The long slow run is a staple in endurance training designed to build your endurance by improving your utilization of the aerobic system through a variety of physiological and metabolic changes. Endurance can be defined as: “The capacity to sustain a given velocity or power output for the longest possible time”. An endurance runner wants to develop their aerobic energy system because they have a higher energy requirement that would not be sustained by the anaerobic energy system. If you are running slow enough on the long run, your energy needs will come from almost exclusively your aerobic system at around 96-99%. It is common for a novice runner to run too fast, thus not utilizing the aerobic system as much as it is intended during this type of training run. The long slow run is more about enhancing your aerobic capacity, as opposed to utilizing a higher percentage of it.
The aerobic energy system encompasses many complex steps, and there are steps along every phase of this pathway than can enhance its utilization and efficiency. The adaptations that happen in the body during endurance training ranges from an increase in heart size, increase in plasma volume, to higher volumes of enzymes that are used during the Krebs cycle such as pyruvic acid dehydrogenase. Physiological adaptations in the muscle are strongly correlated with increased aerobic performance. These adaptations are primarily to better utilize oxygen, which is used in the final phase of aerobic energy production via the electron transport chain. Some of these physiological adaptations, as related to endurance training include: 1) increase capillary density – in order to carry oxygen into the muscle tissue 2) myoglobin – which binds and releases the oxygen in the muscle fibers, and 3) increase in quantity and size of mitochondria, which enhances their ability to use oxidative phosphorylation for the breakdown of fat and carbohydrates for energy. Some studies have correlated an increase in mitochondria to increased ability to metabolize fat, which is another staple of energy efficiency, as your body produces 113 ATP through metabolizing fat as opposed to 30 ATP metabolizing carbohydrates through the aerobic system.
To optimally develop these things correlate strongly with running as a percentage range of your V02 max, for a specific duration. There were two breakthrough studies in the 1960’s and 1980’s by John O. Holloszy, and Gary Dudley, respectively. Holloszy first studied rats and mitochondrial growth at various run durations all with the same speed, which was measured roughly at 50-75% of the V02 max. He concluded that mitochondria are optimally developed during a run of 2 hours of duration. Dudley enhanced Holloszy’s study by measuring run intensity, not only duration, which supplemented the original research by determining that a slightly faster pace of 70-75% of V02 max will more optimally develop mitochondria than at 50%, but any faster than that will begin to diminish the rate of mitochondrial development. Endurance training also increases your V02, although this type of run is not the optimal training run to enhance this aspect. Endurance athletes will have a much higher V02 max, which is one of the cornerstone parameters of measuring aerobic fitness, as it allows for more oxygen to move through the body and to aid in the other physiological changes.

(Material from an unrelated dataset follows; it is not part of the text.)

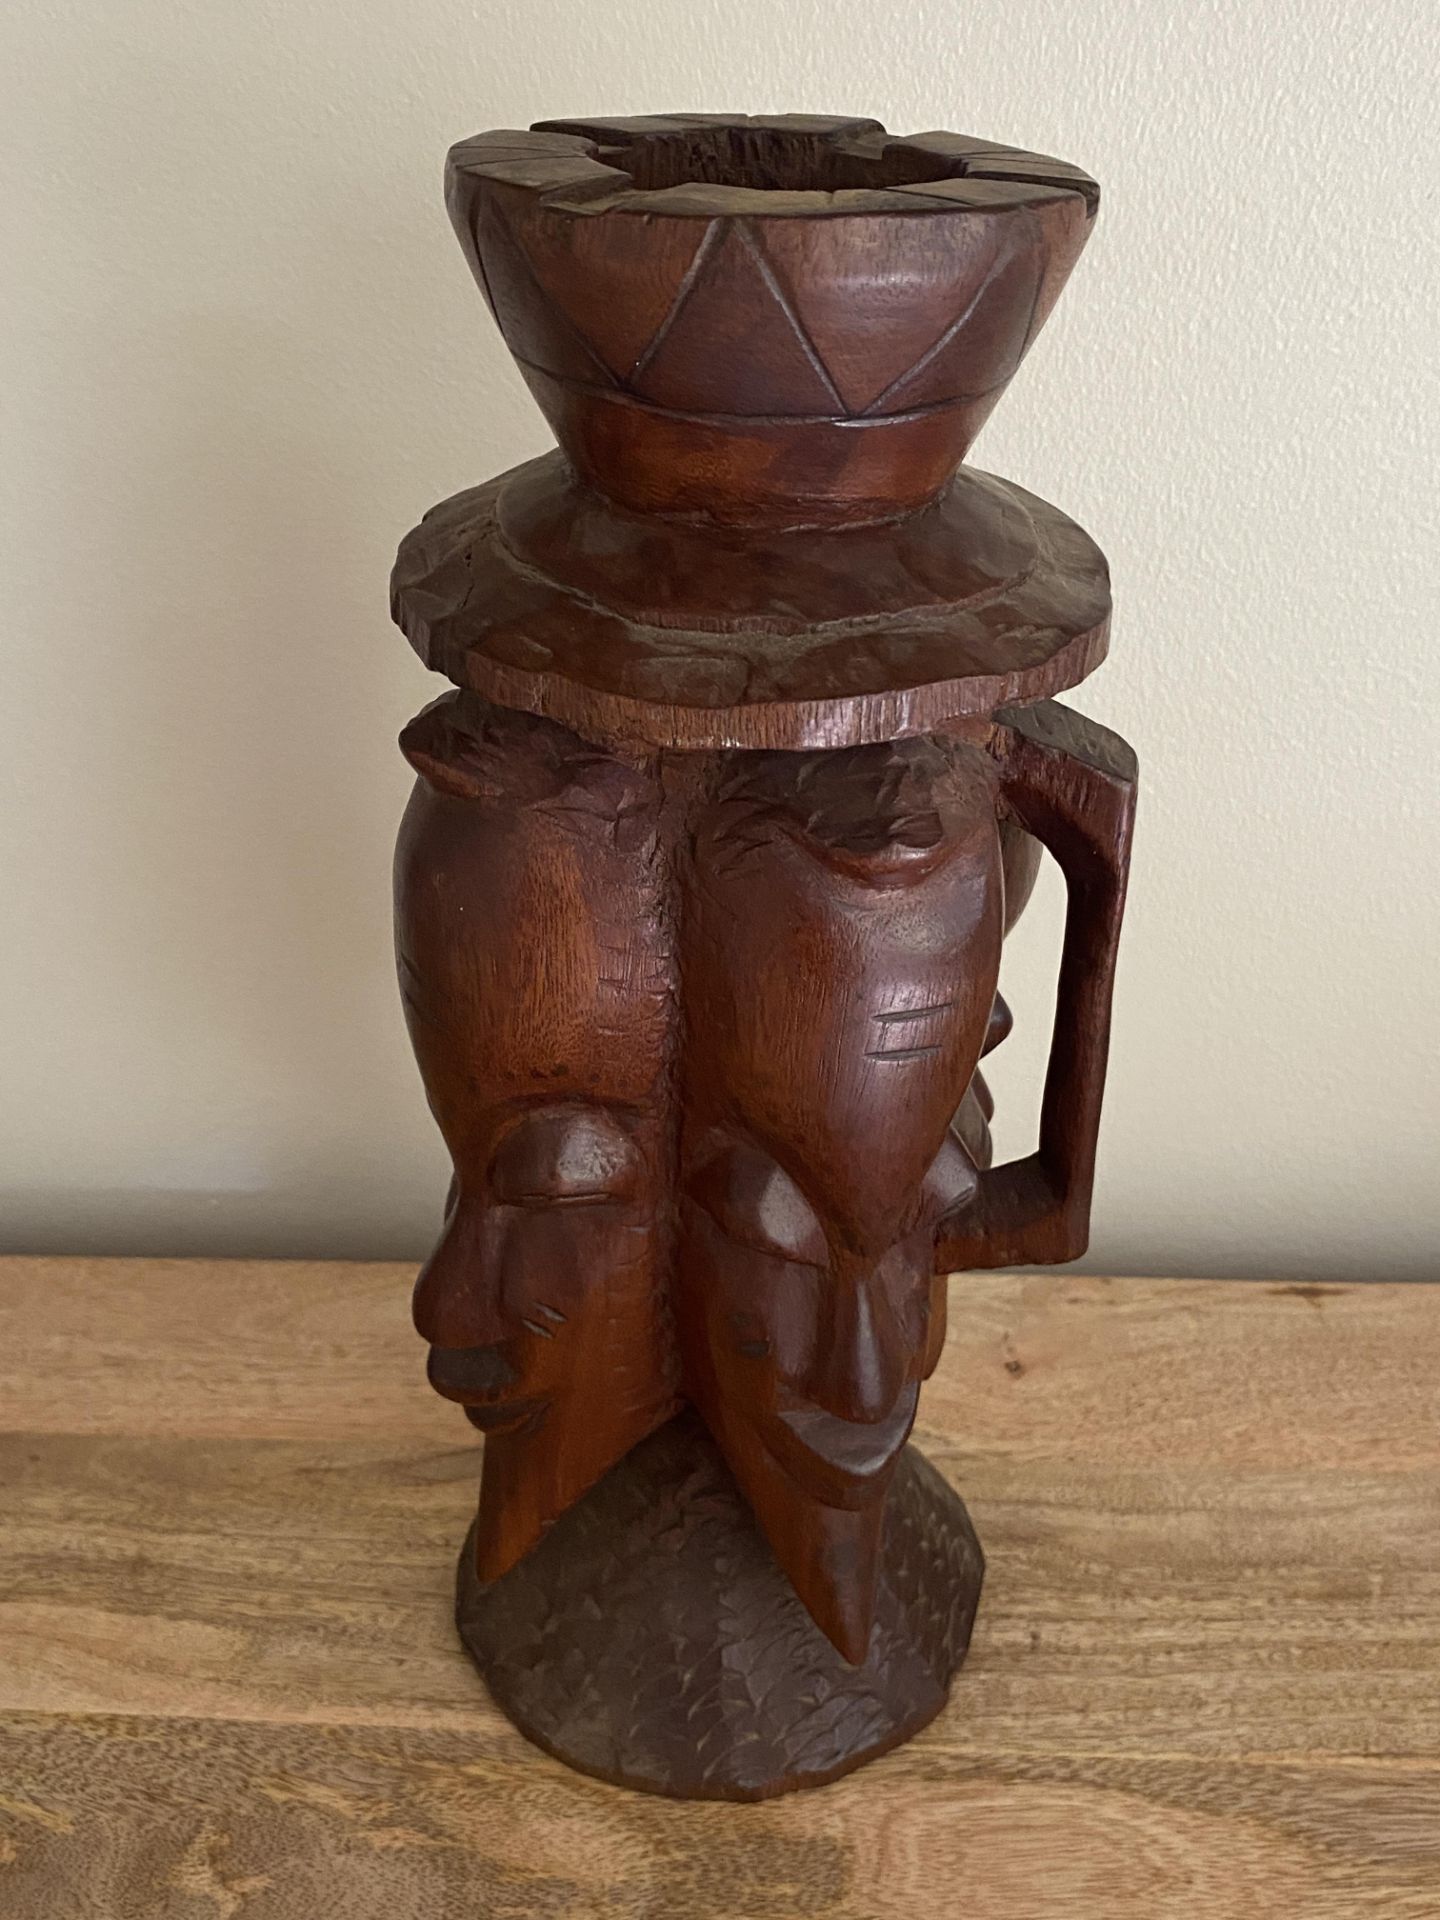 A VINTAGE MID 20TH CENTURY AFRICAN TRIBAL CARVED WOODEN FACE MASK JUG WITH HANDLE AND ASHTRAY DESIGN - Bild 3 aus 6

Essentially, running the correct pace, which is highly individualized and best measured as a percentage of your V02 max, along with timing your nutrition and hydration correctly, you will be utilizing almost exclusively your aerobic energy system and enhancing it during the long slow run.
 Jones, A., & Carter, H. (2000). The Effect of Endurance Training on Parameters of Aerobic Fitness. Sports Medicine, 29(6), 373–386.

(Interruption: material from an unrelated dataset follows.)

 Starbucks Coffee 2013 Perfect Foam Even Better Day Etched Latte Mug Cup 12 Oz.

 Gastin, P. B. (2001). Energy system interaction and relative contribution during maximal exercise. Sports Medicine (Auckland, N.Z.), 31(10), 725–741.
 Jones, A., & Carter, H.
 Dunford, M., & Doyle, J. Andrew. (n.d.). Nutrition for Sport and Exercise, 3rd Edition Cengage Learning. Pg. 80-85
 Jones, A., & Carter, H.
Dunford, M., & Doyle, J. Andrew, pg. 86
 Holloszy, J. O. (1967). Biochemical Adaptations in Muscle Effects Of Exercise On Mitochondrial Oxygen Uptake And Respiratory Enzyme Activity In Skelatal Muscle. Journal of Biological Chemistry, 242(9), 2278–2282.
 Dudley, G. A., Tullson, P. C., & Terjung, R. L. (1987). Influence of mitochondrial content on the sensitivity of respiratory control. Journal of Biological Chemistry, 262(19), 9109–9114.